Market Research


Doing market research when you’re in the business of making cans often amounts to visiting the supermarket and seeing what’s on the shelves. I remember going to Florida on holiday and bringing back a shaped juice can as well as a quart can of Fosters. Good information to get some ideas for shaped cans and larger than standard size drinks cans.

Also, when I visited Japan when in Ebbw Vale, I brought back some TULC cans, in the hope that this might be of assistance with the development of the rBS can.

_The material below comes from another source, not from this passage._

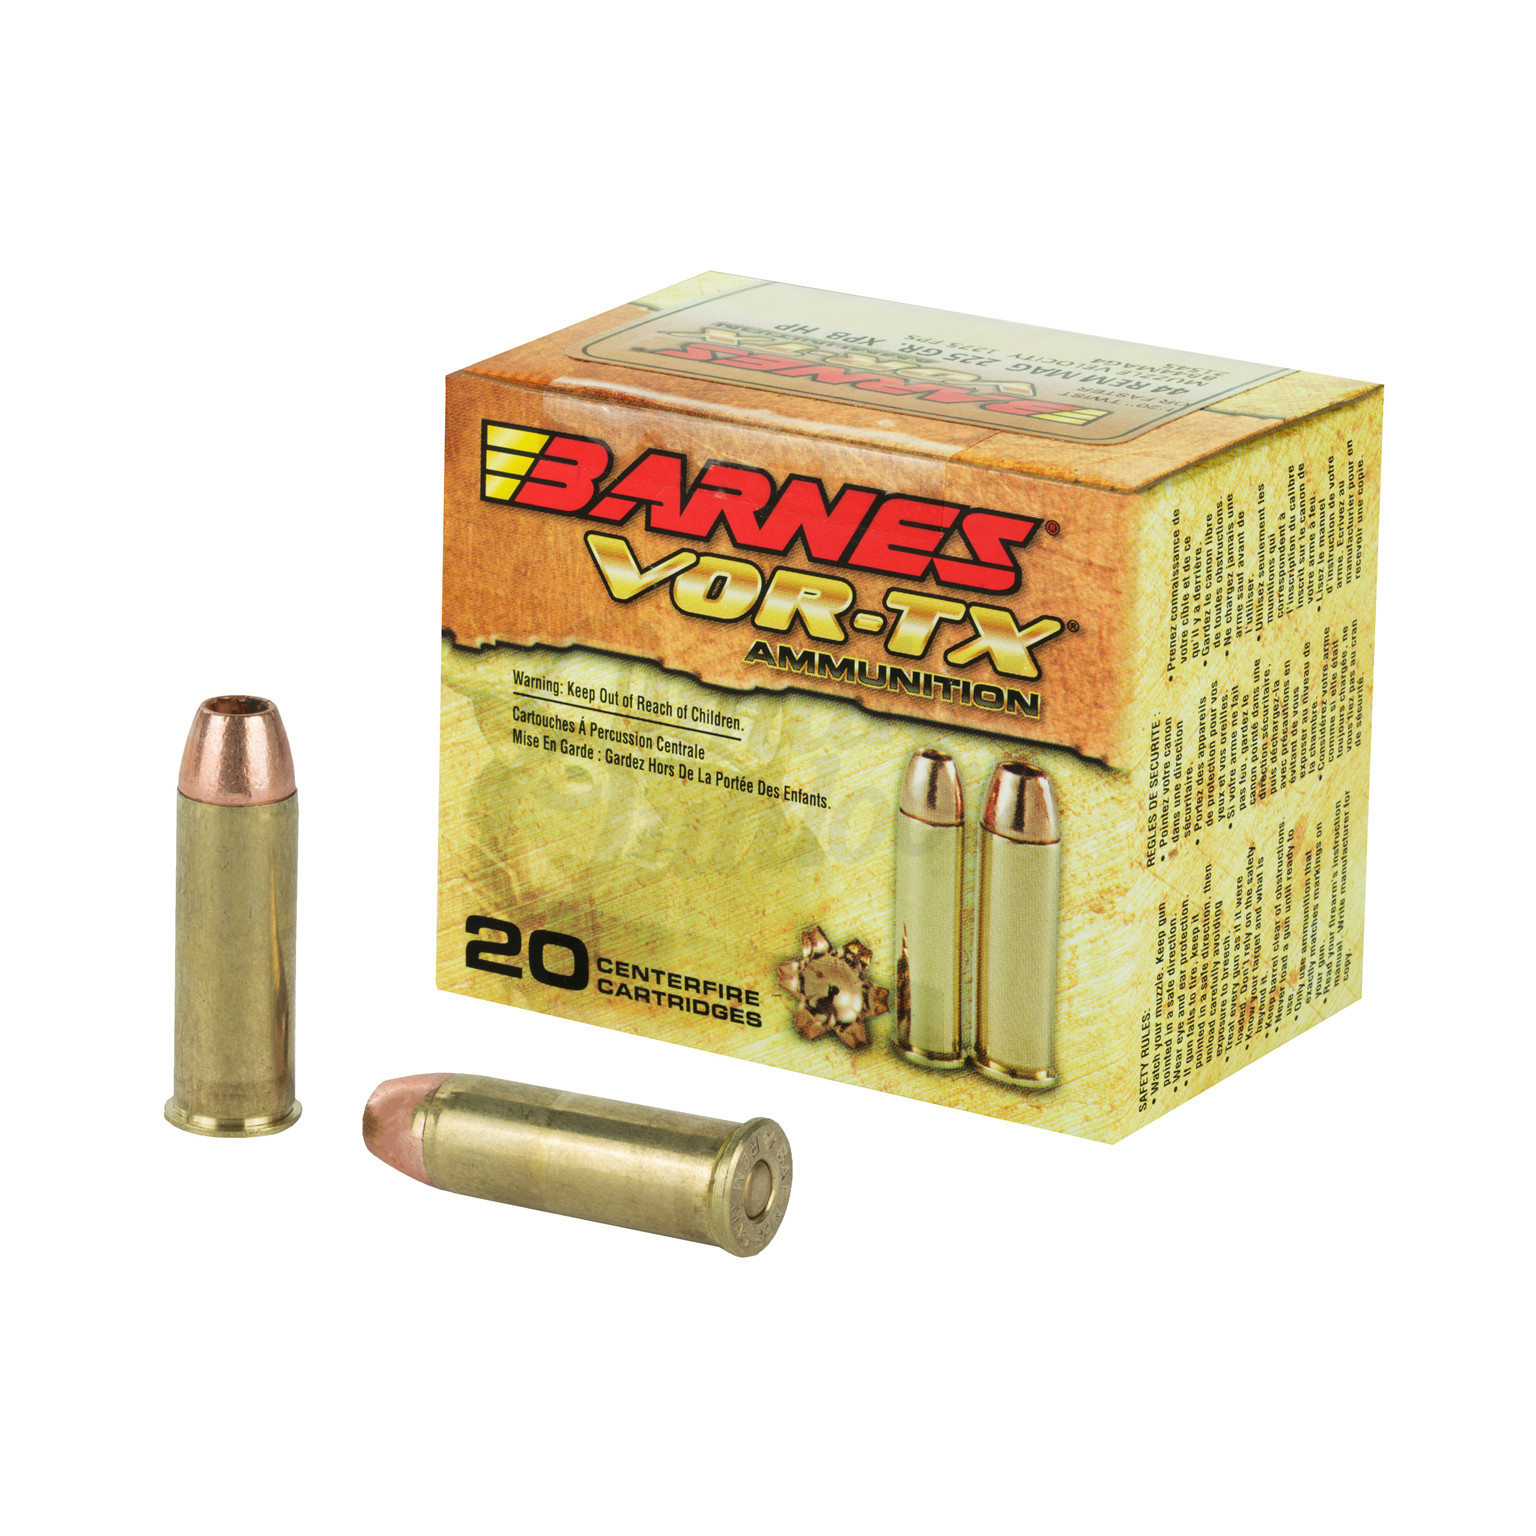 barnes-vor-tx-ammo-44-remington-mag-225-grain-xpb-hollow-point

Sometimes the places of research are more pedestrian, like when I wanted to investigated the can performance characteristics of Impress’s 2-12-2 bead pattern on their food cans: all I had to do was scan the shelves in my local Asda store, and once I had located their cans on an own brand soup make buy a crate full of them. All I had to do was to ask people at work to take the cans home, use the contents, and return the empty cans in a state suitable for further investigation of the can properties. Cheap and easy, even though I had to endure a sarky “on a liquid diet, aren’t we?” from the till operator.

Sometimes this supermarket research could have some unintended consequences, such as when Chris Elliot and Tim Fields spent such a long time in the aerosol can section of one supermarket that Security was called to investigate this “suspicious” behaviour. Still, I can’t think of another field where it’s so cheap and easy to examine a competitor’s product in attempts to reverse engineer them.